> [WHAT THE TASK ASKS]
Write out, word for word, only the data from its first line to the line containing "62918 - Policía".

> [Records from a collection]
Start of Block
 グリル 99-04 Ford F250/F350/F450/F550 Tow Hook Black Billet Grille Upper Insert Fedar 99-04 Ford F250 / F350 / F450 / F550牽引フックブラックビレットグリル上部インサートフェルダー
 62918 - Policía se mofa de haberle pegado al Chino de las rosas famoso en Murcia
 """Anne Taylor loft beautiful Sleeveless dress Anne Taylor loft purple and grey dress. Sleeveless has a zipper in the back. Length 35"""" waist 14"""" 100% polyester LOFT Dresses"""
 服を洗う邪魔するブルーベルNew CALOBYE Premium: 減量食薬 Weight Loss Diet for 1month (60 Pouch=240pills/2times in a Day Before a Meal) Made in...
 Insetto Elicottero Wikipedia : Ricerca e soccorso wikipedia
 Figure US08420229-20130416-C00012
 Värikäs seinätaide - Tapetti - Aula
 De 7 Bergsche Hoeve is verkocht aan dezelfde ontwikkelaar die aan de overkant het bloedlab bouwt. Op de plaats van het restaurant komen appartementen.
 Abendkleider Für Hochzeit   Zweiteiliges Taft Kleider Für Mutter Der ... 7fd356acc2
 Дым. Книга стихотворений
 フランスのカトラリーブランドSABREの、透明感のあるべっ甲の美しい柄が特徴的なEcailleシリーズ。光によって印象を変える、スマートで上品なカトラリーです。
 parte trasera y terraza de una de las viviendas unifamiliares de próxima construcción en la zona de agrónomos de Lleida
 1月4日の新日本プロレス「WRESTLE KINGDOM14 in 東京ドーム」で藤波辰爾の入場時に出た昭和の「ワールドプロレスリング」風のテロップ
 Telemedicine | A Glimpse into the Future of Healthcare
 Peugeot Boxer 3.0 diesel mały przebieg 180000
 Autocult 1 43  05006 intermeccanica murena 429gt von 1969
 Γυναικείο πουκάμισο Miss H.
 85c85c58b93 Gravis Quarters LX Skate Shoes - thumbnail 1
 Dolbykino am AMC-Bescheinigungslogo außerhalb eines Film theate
End of Block
> [ANSWER SPACE]
 グリル 99-04 Ford F250/F350/F450/F550 Tow Hook Black Billet Grille Upper Insert Fedar 99-04 Ford F250 / F350 / F450 / F550牽引フックブラックビレットグリル上部インサートフェルダー
 62918 - Policía se mofa de haberle pegado al Chino de las rosas famoso en Murcia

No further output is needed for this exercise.